14. The method of claim 13 wherein the step of comparing is performing by determining a Chi squared value for the average color histograms of each pair of scenes.

15. A method of removing redundant scenes in a plurality of frames, each scene including at least one frame, the method comprising the steps of:

detecting each scene in the plurality of frames, each scene including at least one related frame by:
determining for each frame at least one global measurement; and
determining a scene change between a pair of successive frames from a difference between the global measurements of each frame in the pair of frames, a Chi-squared value on a color histogram of each frame in the pair of frames, and a normalized motion compensated pixel difference between the frames;
determining for each scene a summary measure derived from all frames in the scene; and
comparing the summary measure of each scene with the summary measure of selected subsequent scenes using a standard error measure to identify at least one group of scenes having substantially similar summary measures.

16. The method of claim 15 wherein the summary measure is an average color histogram.

17. The method of claim 15, wherein the selected other scenes consists of a predetermined number of subsequent scenes.

18. The method of claim 15, further comprising the step of:

linking scenes in each group of scenes into a consolidated scene.

19. The method of claim 15, wherein the representative frame for each set of related scenes a frame temporally medial to a first frame and a last frame in the set of related scenes.

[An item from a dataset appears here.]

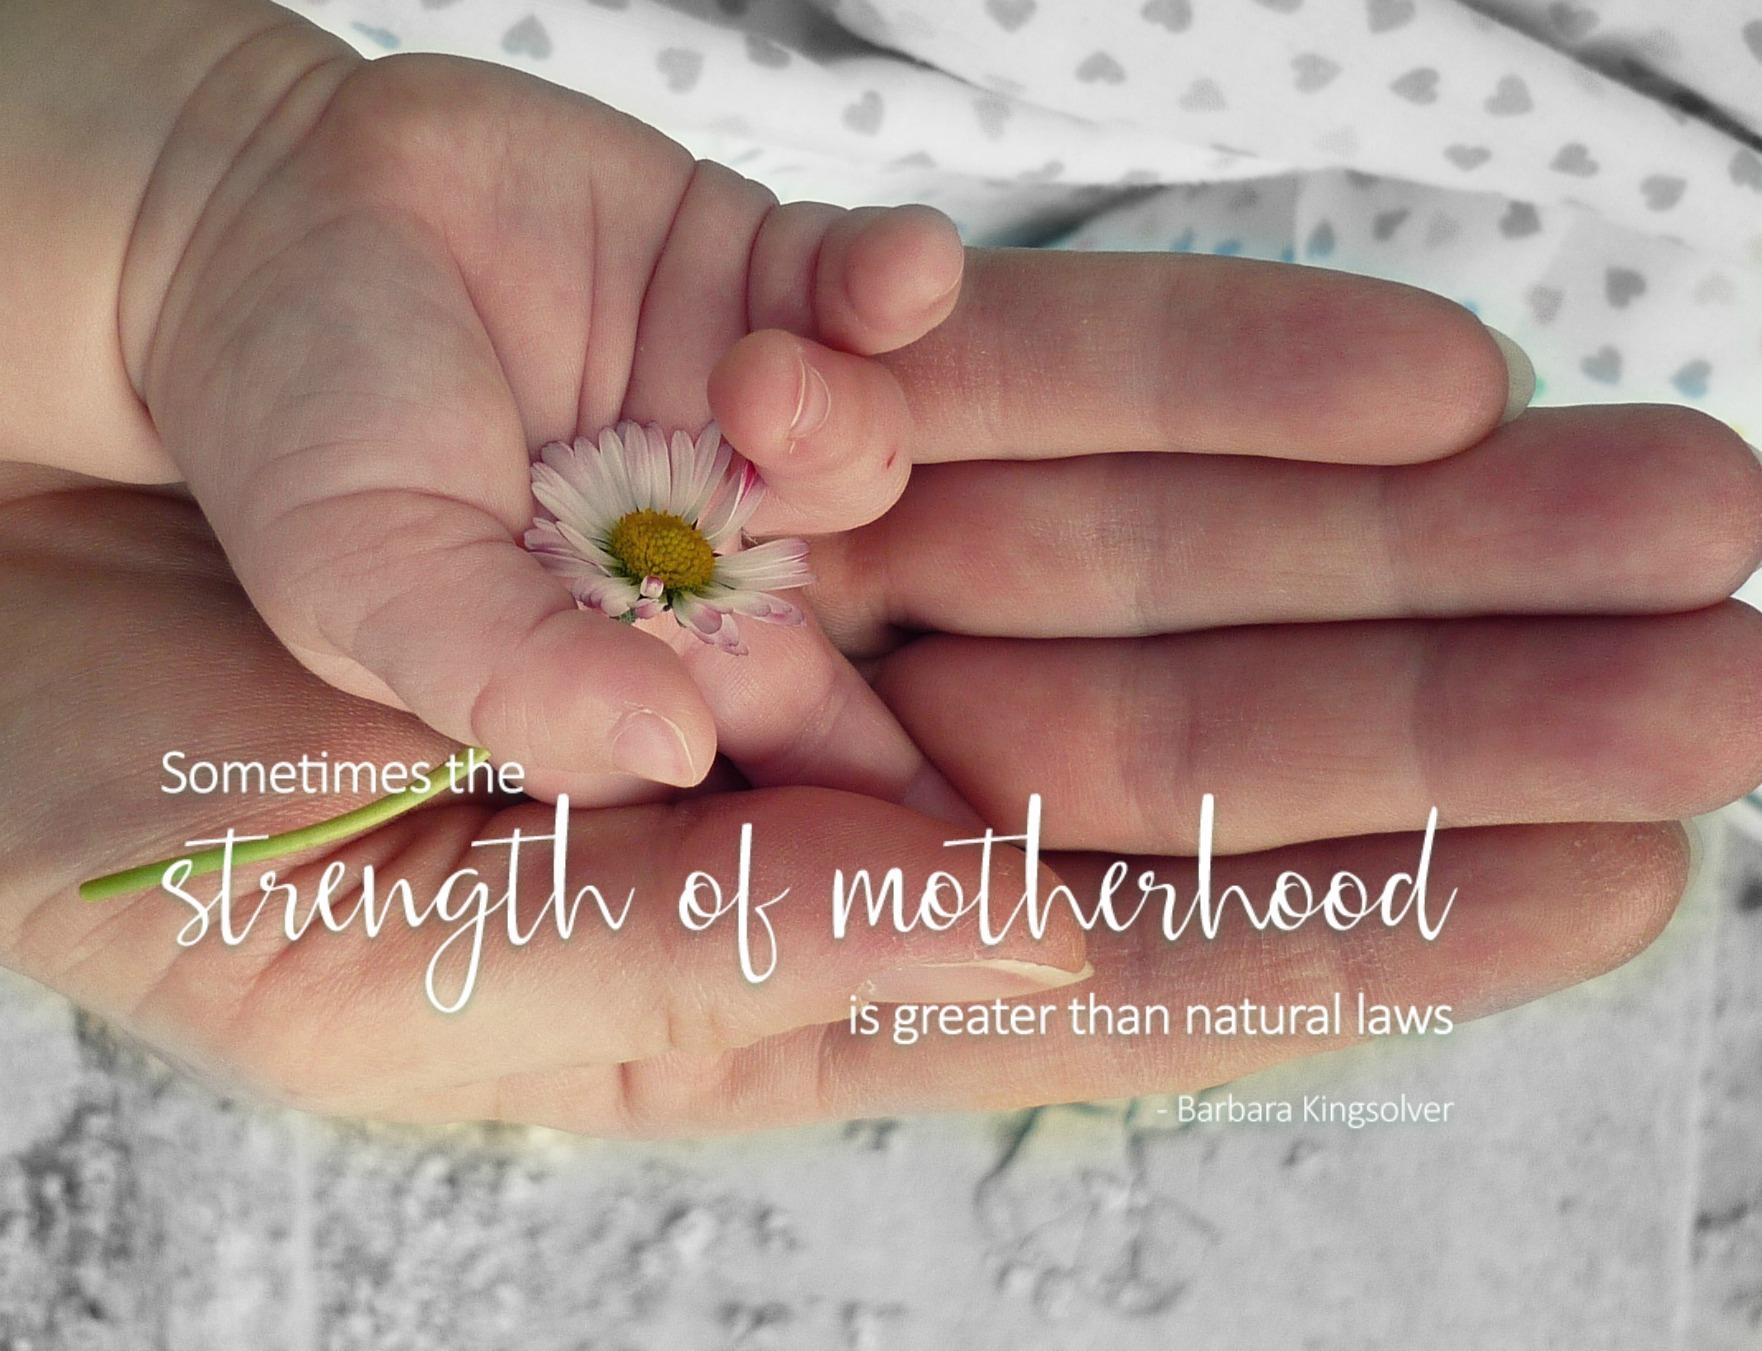 strengthofmotherhood

20. The method of claim 1, further comprising the steps of:

displaying a plurality of slices of frames as a rectangular prism; and
highlighting in the plurality of slices, the slices of frames either a first frame or a last frame of each scene.

21. The method of claim 20, further comprising the step of

retrieving in response to user selection of any frame, the scene including the selected frame.

22. The method of claim 20, further comprising the steps of:

determining at least one scene having a time duration in excess of a threshold;
displaying for the scene, and within the rectangular prism at the location of the scene, a compressed representation of all frames in the scene; and
responsive to a user selection of the compressed representation, displaying a plurality of slices for all frames in the scene.

23. A system for summarizing a temporally ordered plurality of scenes in a video sequence including a plurality of frames, comprising:

an input device for receiving an input video sequence;
a scene change detector coupled to the input device, the scene change detector detecting at least one scene in the plurality of frames, each scene including at least one related frame, the scene change detector detecting a scene change between a pair of successive frames from a difference between a global measurement of each frame in the pair of frames, a Chi-squared value on a color histogram of each frame in the pair of frames, and a normalized motion compensated pixel difference between the frames;
a related scene detector, coupled to the scene change detector to receive a set of scenes, and determining at least one set of related scenes, the related scene detector determining a representative frame for each set of related scenes;
a display for displaying the representative frame, and selected scenes; and
a user interface display driver coupled to the related scene detector to receive the representative frames, and displaying each representative frame on the display.

24. The system of claim 23, further comprising:

a movie bar generator coupled to receive the scenes from the scene change detector, and the related scenes from the related scene detector, the movie bar generator creating a slice of each frames in each scene, and displaying the slices as rectangular prism.